For the identification results of ten metal ion ligands, the six metal ion ligands of Zn2+, Cu2+, Fe2+, Fe3+, Mn2+ and Co2+ have good prediction results, and the MCC values were not less than 0.600; Na+ and K+ have worst recognition results, we considered that these two ion ligands were less sensitive to the position conservation information and can continue to identify their refinement.

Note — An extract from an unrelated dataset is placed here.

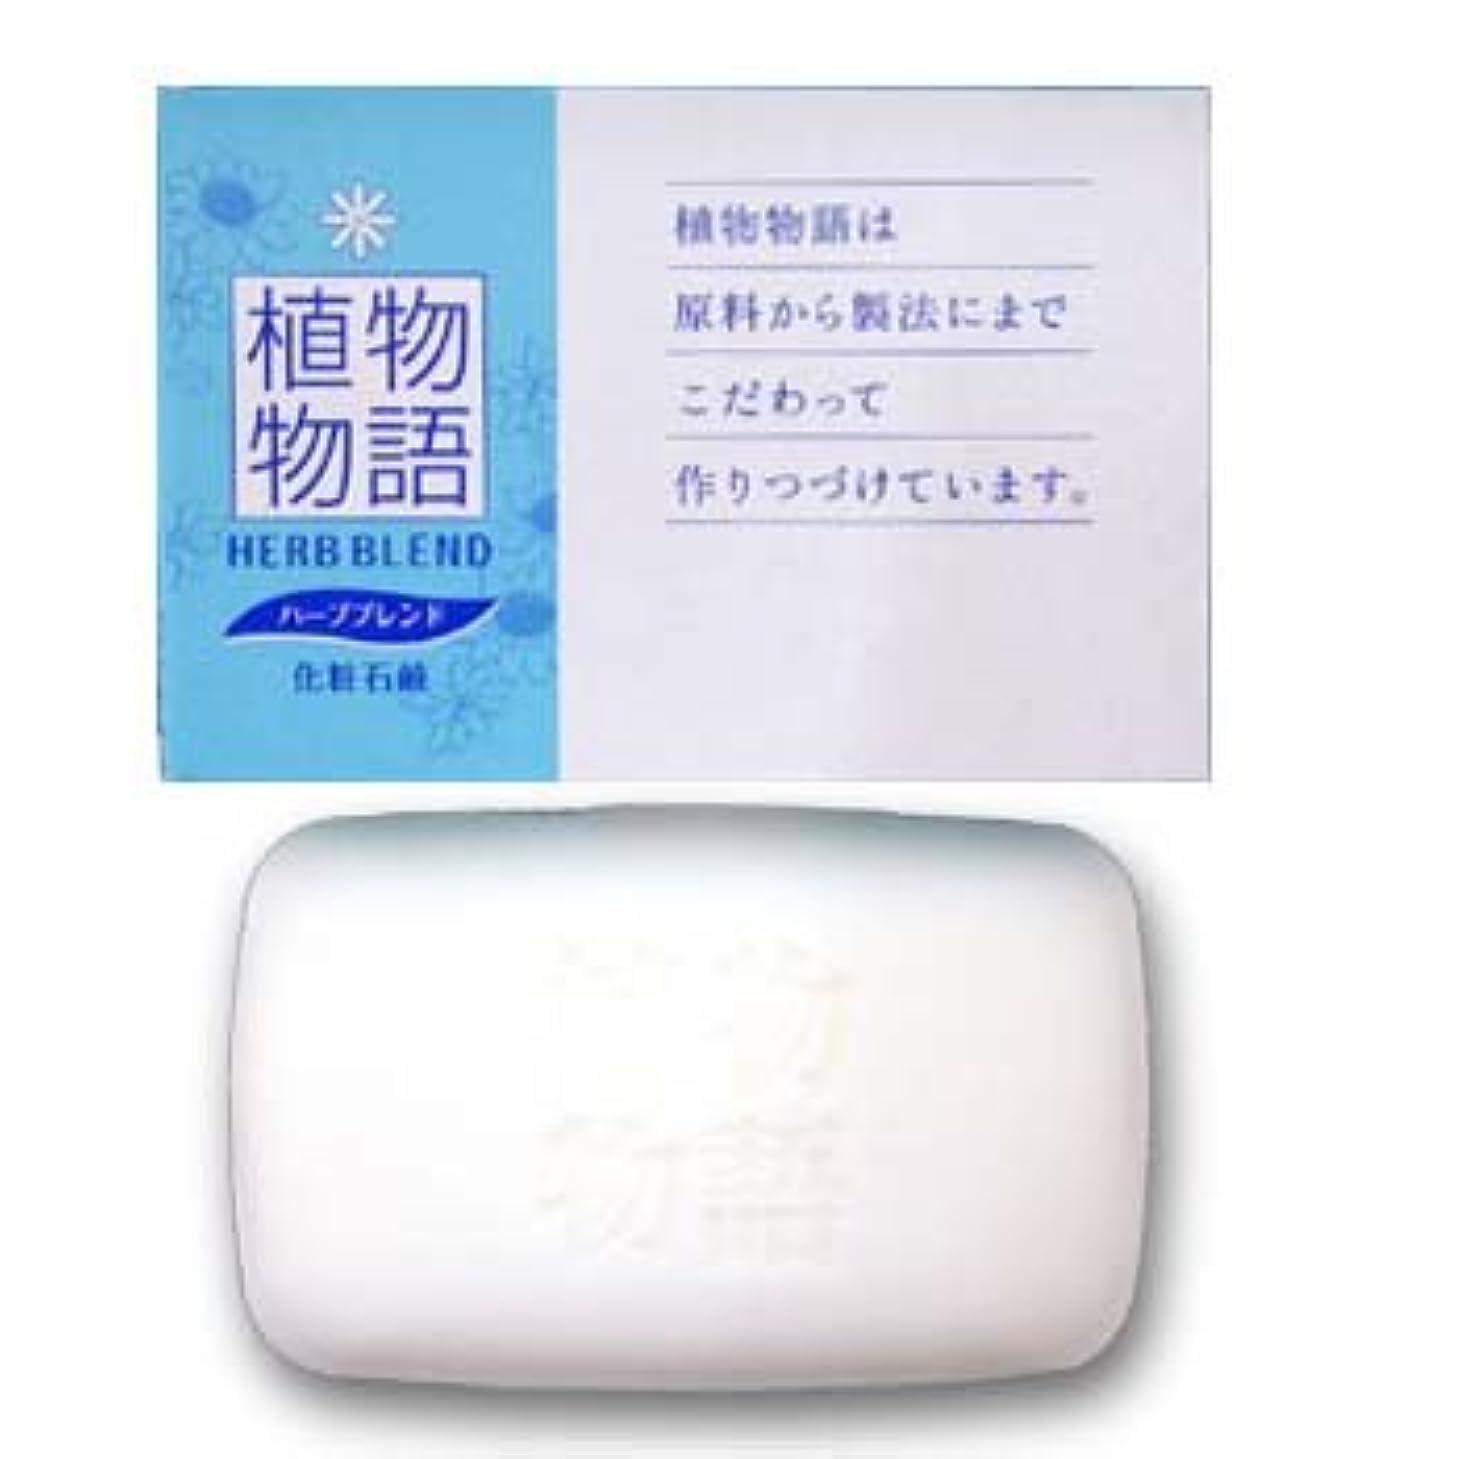 ささいな悪魔進捗LION 植物物語石鹸80g化粧箱入(1セット100個入)
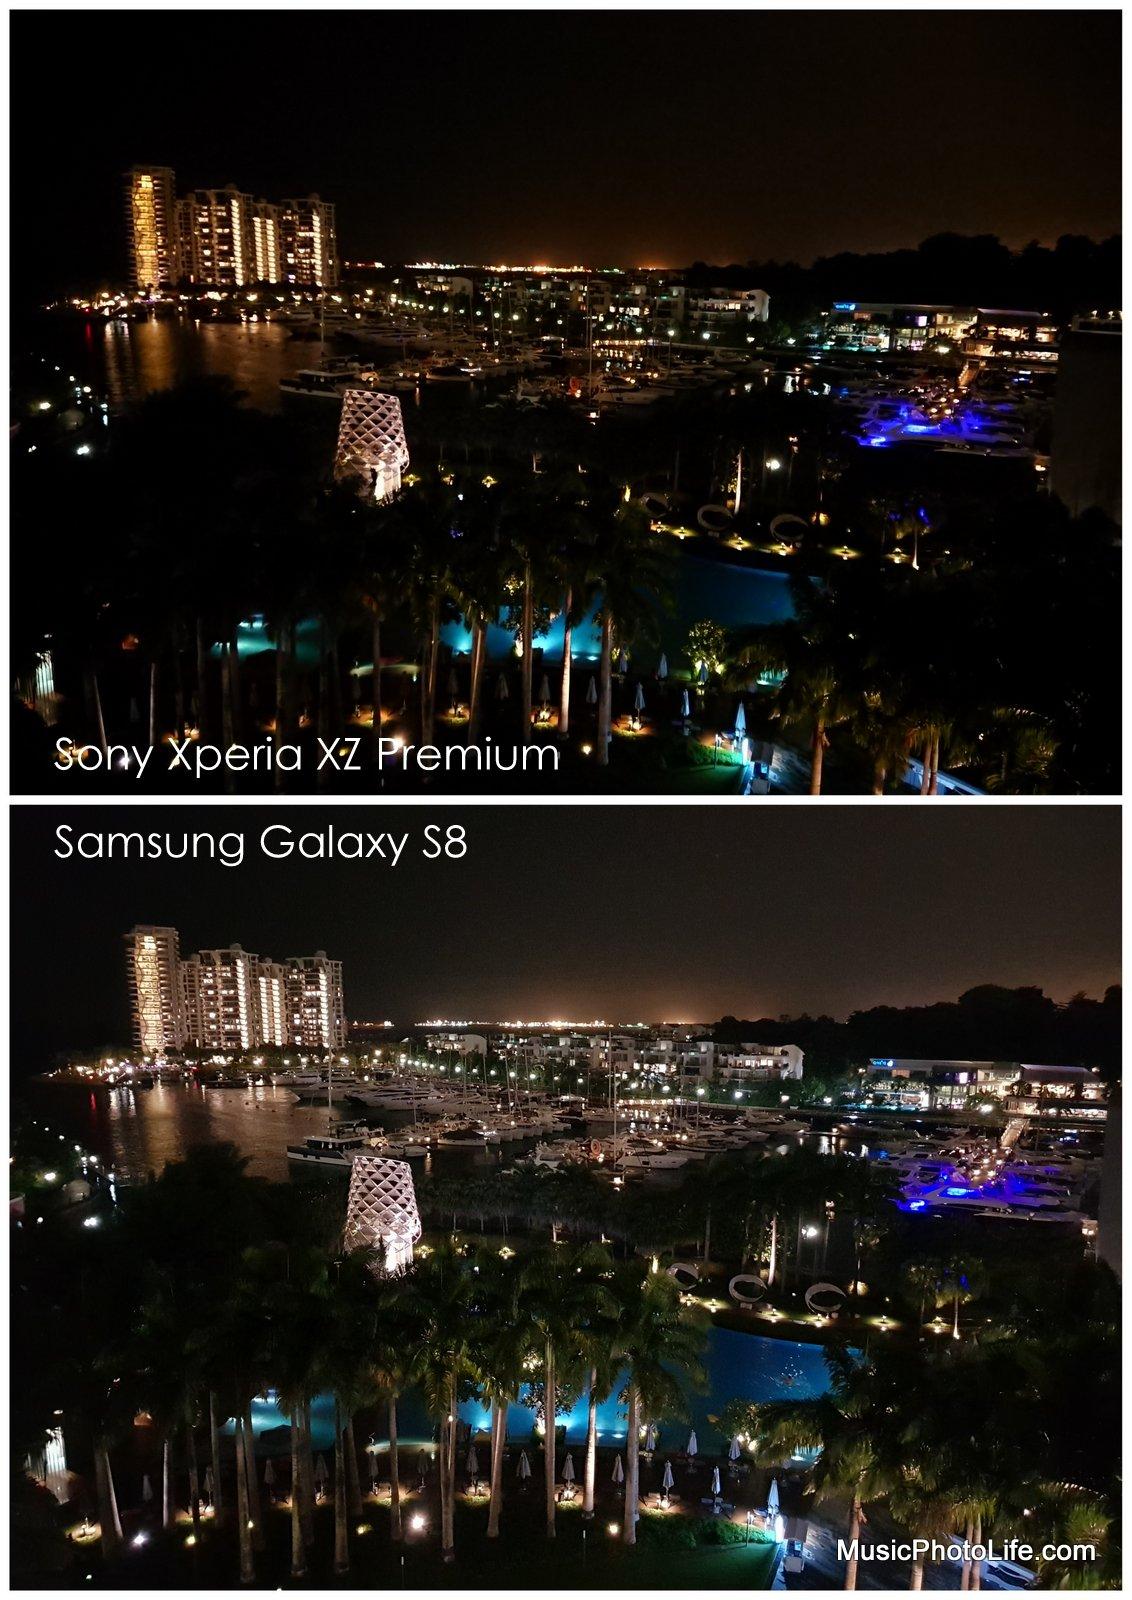 Compare Samsung Galaxy S8, Sony Xperia XZ Premium night scene

Compared with the identification of all the component information as characteristic parameters, the MCC values of Na+ and K+ decreased slightly, but other’s MCC values showed an upward trend, indicating that these ion ligands were more sensitive to the position conservation information, as can be seen from the WEBLOGO in [17]. The positive and negative sets are more different than the statistical analysis of the components in [17], so the ion ligands were more sensitive to the position conservation information.

The results under refinement characteristic parameters

The ID algorithm was used to reduce the dimensionality of the amino acid component information, hydropathy component information, charge component information, secondary structure component information, and relative solvent accessibility component information to obtain a 10-dimensional ID value; the Position matrix scoring algorithm reduced the dimensionality of the position amino acid, position hydropathy, position charge, position secondary structure and position relative solvent accessibility to obtain a 10-dimensional S value. The obtained 10-dimensional ID value and 10-dimensional S value were collectively recognized as the 20-dimensional refinement characteristic by the SMO algorithm, and the results (OUR’S) by 5-fold cross validation were shown in Table 5.

Table 5 Comparison results with SVM

At the same time, for the sake of comparison, the results of the SVM algorithm in paper [17] and the calculation results of SMO using the characteristic parameters of literature [17] were also included in Table 5.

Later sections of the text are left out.